Suara tepuk tangan terdengar saat namaku disebut kepala sekolah.
"Kepada Kiara, dipersilahkan naik keatas podium."
Aku tersenyum menatap sekitarku. Dengan langkah mantap, aku mulai berjalan menuju podium.
Saat langkahku hampir tiba di depan podium, kepalaku tiba-tiba terasa sangat nyeri, suara-suara disekitarku terdengar bising, pandanganku mulai kabur, dan hal terakhir yang kuingat adalah Kevin yang menghampiriku sebelum kesadaranku menghilang.
~♥~
Suara bising terdengar di pendengaranku, saat kesadaranku mulai utuh.
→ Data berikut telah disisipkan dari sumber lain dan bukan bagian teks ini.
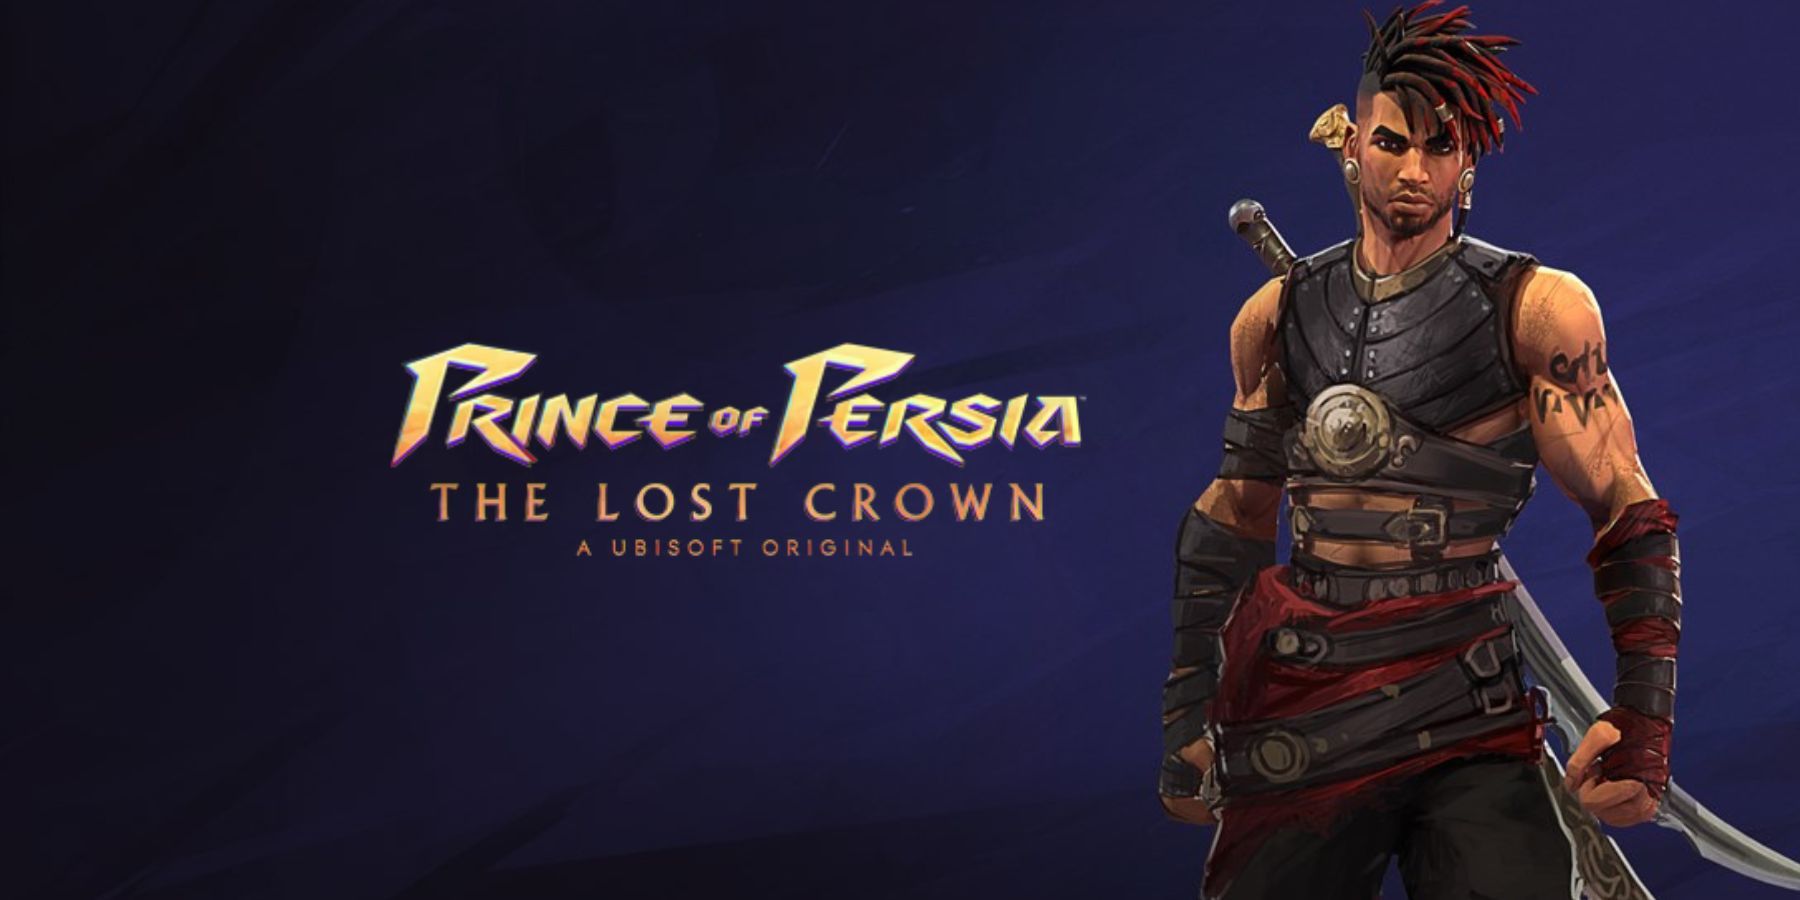 Poll: Are you excited for Prince of Persia The Lost Crown on PS5?

Dengan perlahan kubuka mataku, dan mengerjap pelan.
"Mama ..." gumamku.
Mama yang berada di sampingku langsung menatapku khawatir.
"Minum," gumamku lagi.
"Mama bantu." Mamaku membantuku duduk dan kemudian memberikan segelas air minum padaku.
"Apa yang terjadi sama Ara, Ma?" tanyaku sambil menyerahkan gelas pada Mamaku.
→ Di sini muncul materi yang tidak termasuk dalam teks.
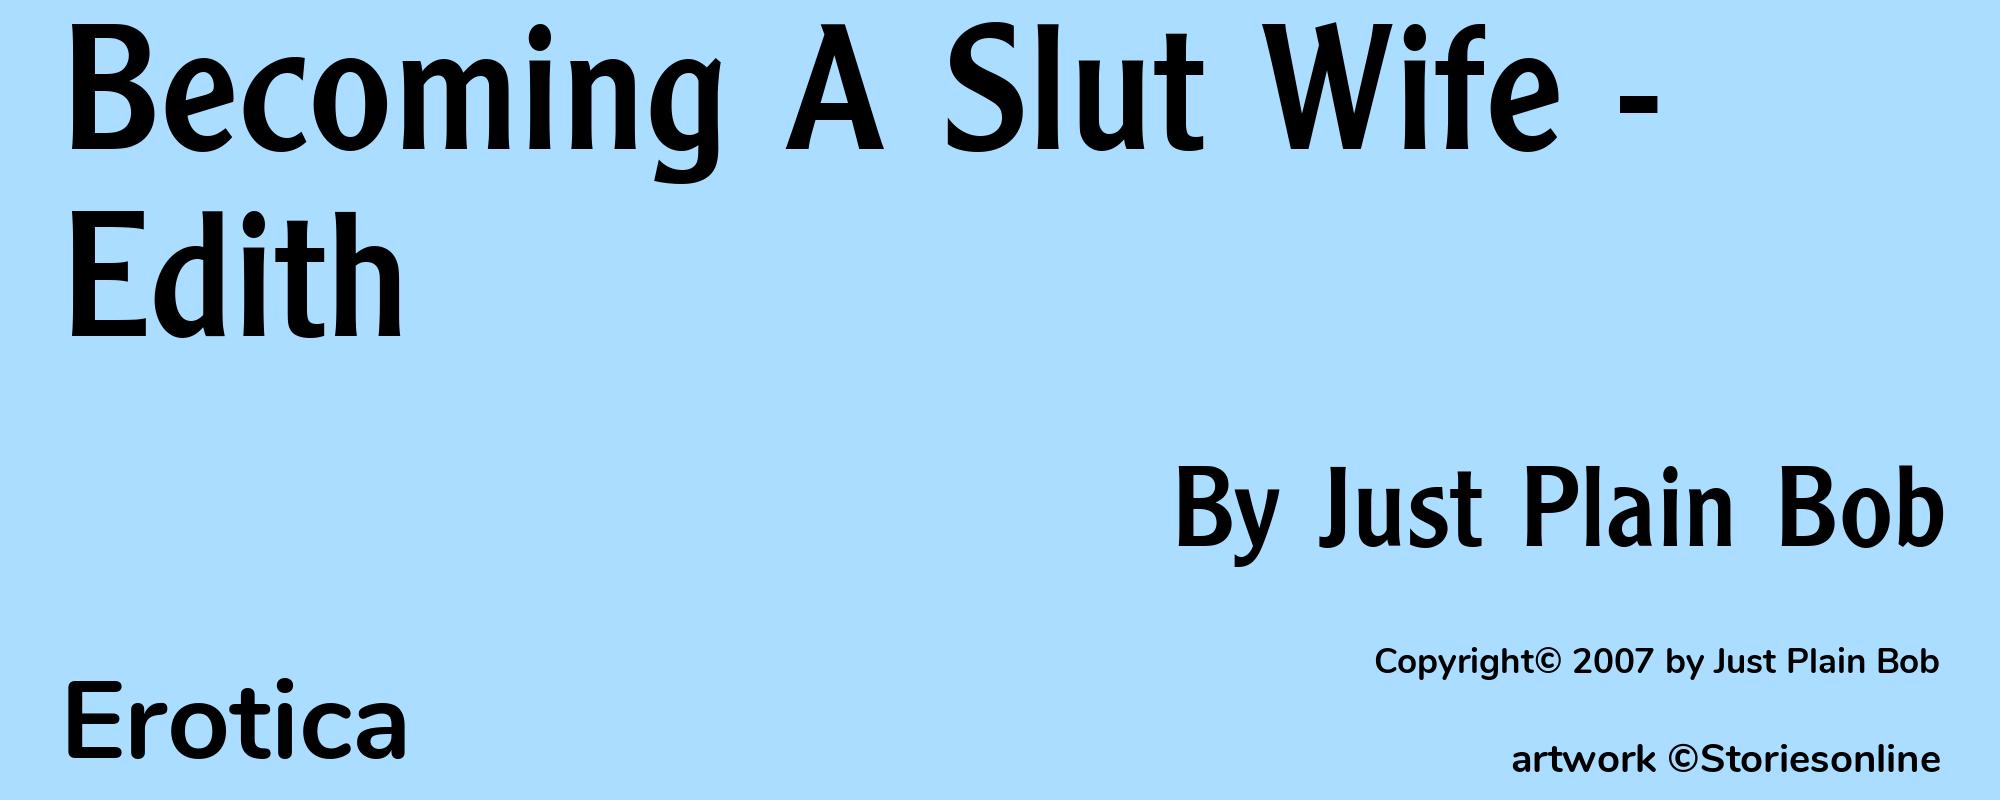 Becoming A Slut Wife - Edith - Cover

"Kamu pingsan disekolah," ucap Mamaku mengelus rambutku.
"Dokter bilang kamu kecapean dan butuh banyak istirahat." Aku menggukkan kepalaku mengerti. Aku kembali membaringkan diriku dan memejamkan mataku.
~♥~
14 Mei 2015
Hari ini masih dengan pakaian rumah sakit, aku berjalan menuju taman rumah sakit ini. Sebenarnya aku sudah merasa sehat, tapi dokter melarangku pulang sampai hasil pemeriksaanku keluar.
Bosan
Aku merasa bosan berada di sini. Walau aku sering ditemani oleh keluargaku dan juga sahabatku Clara, dan Kevin pacarku, tapi itu semua tidak menghilangkan rasa bosanku berada disini. Aku ingin segera pulang, aku merindukan tempat tidurku yang empuk.
Kutajamkan penglihatanku saat melihat mama yang tampak berjalan dengan tergesa-gesa.
Mama kenapa?
Akupun segera mengikuti mama yang ternyata berjalan menuju ruang kerja kakakku. Aku melihat mama yang masuk kedalam ruangan kakakku.
Aku memelankan langkahku saat sudah berada di depan ruangan kakakku yang tidak tertutup rapat. Suara mama terdengar dengan jelas seperti menangis? Entahlah.
Aku masih terus berada pada posisiku, terpaku dan membisu saat mendengarkan sebuah kenyataan pahit.
B e r s a m b u n g . . .
KAMU SEDANG MEMBACA
EX | My Future Husband
Romance⚠️FOLLOW DULU SEBELUM MEMBACA⚠️ Kiara tidak menyangka jika kepulangannya disambut oleh hal tak terduga. Penghianatan, kekecewaan, hingga permintaan yang tak pernah dibayangkan olehnya. Takdir seolah mempermainkannya, terus saja membawanya pada titik...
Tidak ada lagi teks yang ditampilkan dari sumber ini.